Evaluating over only a subset of the examples using an async generator:

>>> async def example_generator():
...     examples = client.list_examples(dataset_name=dataset_name, limit=5)
...     for example in examples:
...         yield example
>>> results = asyncio.run(
...     aevaluate(
...         apredict,
...         data=example_generator(),
...         evaluators=[accuracy],
...         summary_evaluators=[precision],
...         experiment_prefix="My Subset Experiment",
...         description="Evaluate a subset of examples asynchronously.",
...     )
... )
View the evaluation results for experiment:...

Streaming each prediction to more easily + eagerly debug.

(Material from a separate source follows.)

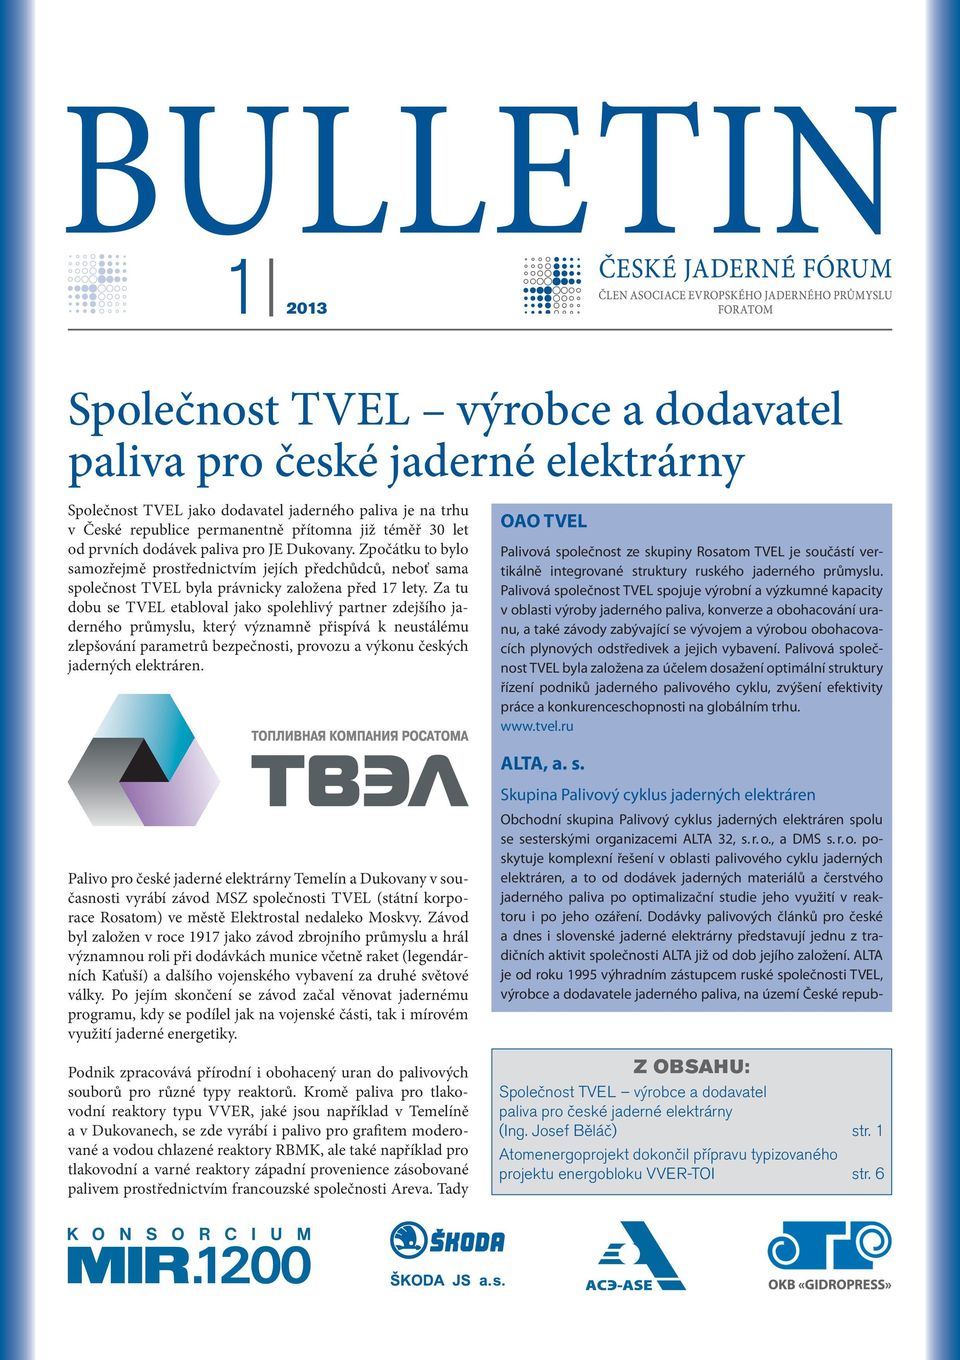 Za tu dobu se TVEL etabloval jako spolehlivý partner zdejšího jaderného průmyslu, který významně přispívá k neustálému zlepšování parametrů bezpečnosti, provozu a výkonu českých jaderných elektráren.

>>> results = asyncio.run(
...     aevaluate(
...         apredict,
...         data=dataset_name,
...         evaluators=[accuracy],
...         summary_evaluators=[precision],
...         experiment_prefix="My Streaming Experiment",
...         description="Streaming predictions for debugging.",
...         blocking=False,
...     )
... )
View the evaluation results for experiment:...
>>> async def aenumerate(iterable):
...     async for elem in iterable:
...         print(elem)
>>> asyncio.run(aenumerate(results))

Running without concurrency:

>>> results = asyncio.run(
...     aevaluate(
...         apredict,
...         data=dataset_name,
...         evaluators=[accuracy],
...         summary_evaluators=[precision],
...         experiment_prefix="My Experiment Without Concurrency",
...         description="This was run without concurrency.",
...         max_concurrency=0,
...     )
... )
View the evaluation results for experiment:...

Using Async evaluators:

>>> async def helpfulness(run: Run, example: Example):
...     # Row-level evaluator for helpfulness.
...     await asyncio.sleep(5)  # Replace with your LLM API call
...     return {"score": run.outputs["output"] == "Yes"}
>>> results = asyncio.run(
...     aevaluate(
...         apredict,
...         data=dataset_name,
...         evaluators=[helpfulness],
...         summary_evaluators=[precision],
...         experiment_prefix="My Helpful Experiment",
...         description="Applying async evaluators example.",
...     )
... )
View the evaluation results for experiment:...

Changed in version 0.2.0: ‘max_concurrency’ default updated from None (no limit on concurrency) to 0 (no concurrency at all).